1. It is a moot question whether the tax due to a municipality will fall within the definition of rent. We do not think we need to adjudicate on the point. The reason is there is a case where the appellant had agreed to pay the municipal tax as part of rent. This is obvious from the following statement in the counter
"It is true that the respondent agreed to pay the municipal tax. The respondent had always been ready and willing to pay the municipal tax but the petitioner has not passed the municipal demand notice before paying the same to pay the tax by the respondent or tax receipt after the payment to enable the respondent to reimburse the petitioner in spite of repeated requests by the respondent." *
2. The only plea was that the landlord did not furnish him the demand made by the municipality. In fact this stand of the tenant is reiterated when he was examined as PW 1. He states as under
"Even at the beginning of the payment of rent, it was agreed that the tax should be paid by me. Originally I paid an advance of Rs. 200 which was collected for house tax. I knew that the house tax is being levied once in every 6 months.
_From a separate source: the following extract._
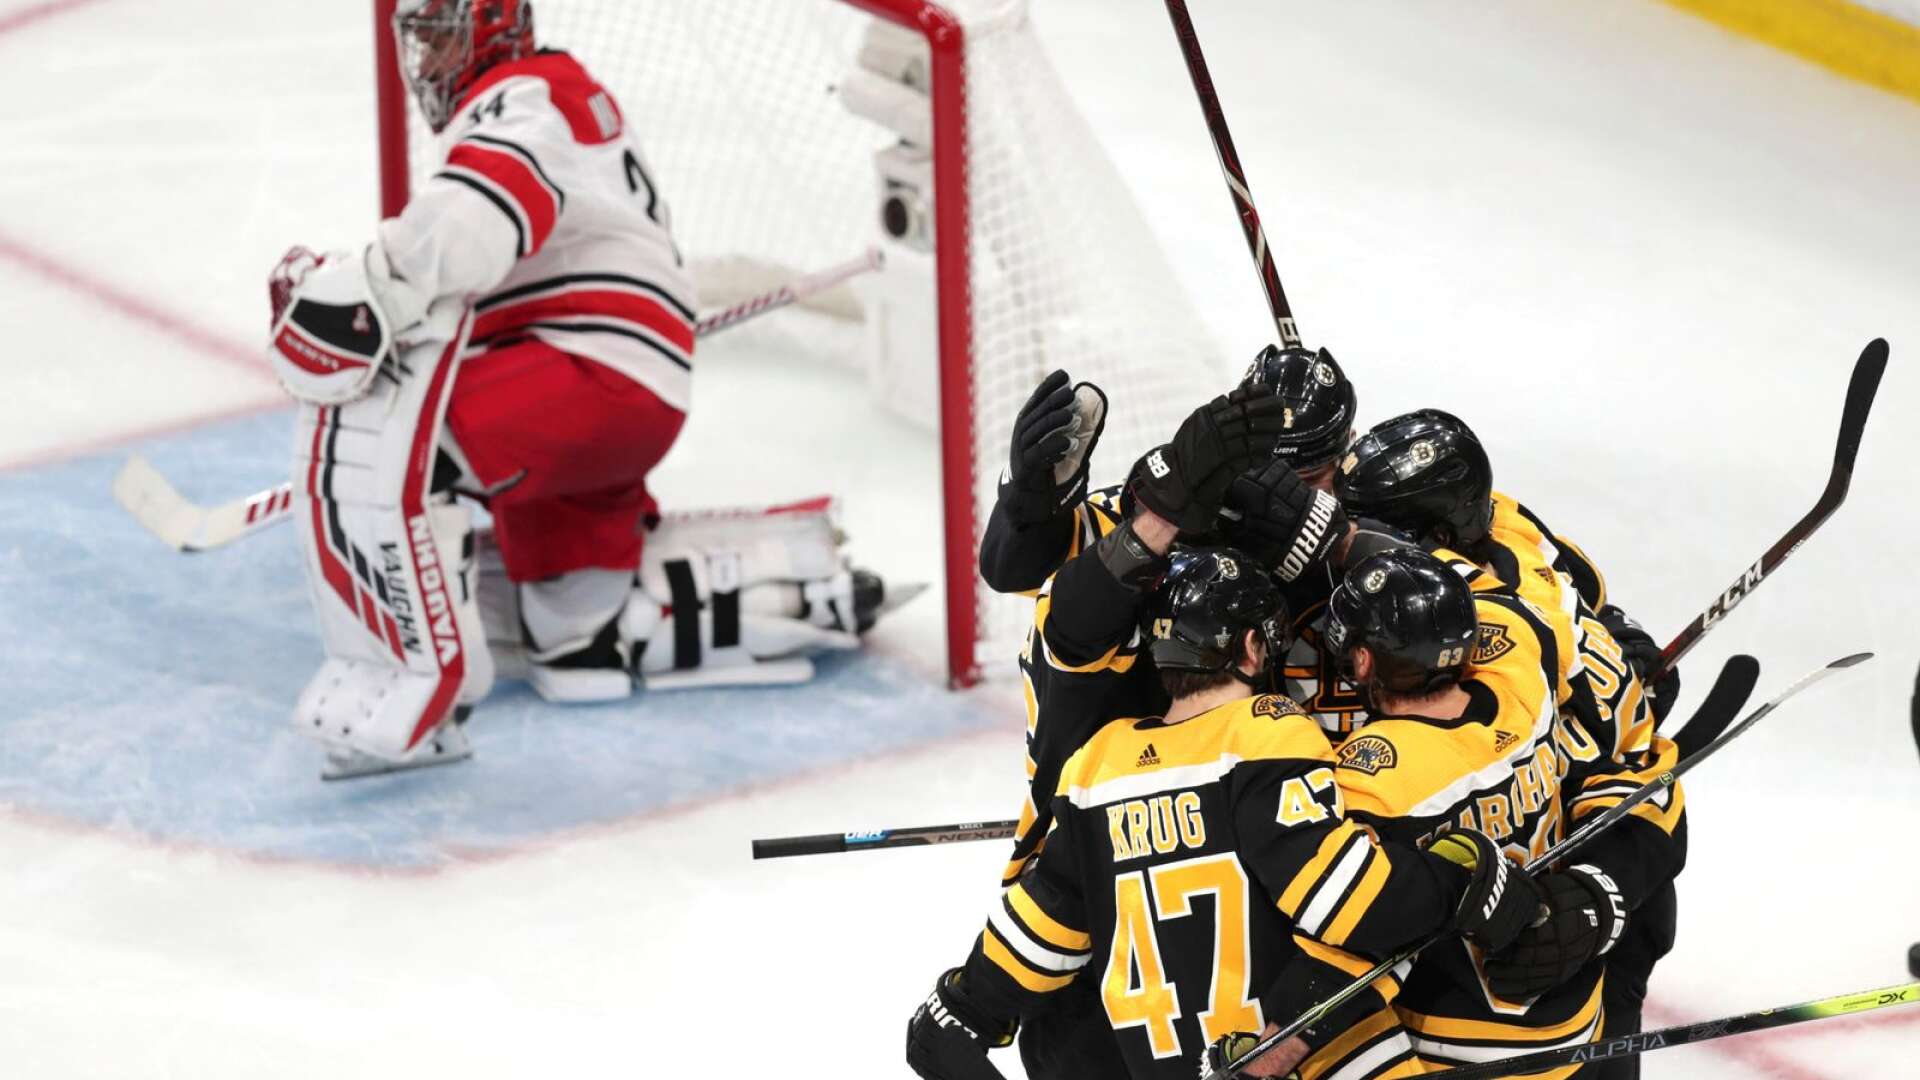 Boston Bruins är klart för Stanley Cup-final. Här en bild från den första matchen i semifinalserien mellan Boston och Carolina, när Marcus Johansson gjorde mål.

Only in the year 1984 I came to know that the half-yearly tax for my shop was Rs. 57.80." *
Therefore, if the parties had so adjusted the affairs that the rent should include the municipal tax as well, it is not open to the tenant to raise the larger question. All the courts below have found by non-payment of tax, the tenant has committed default in payment of arrears of rent which is purely a factual finding in which we cannot interfere. The civil appeal stands dismissed. No costs.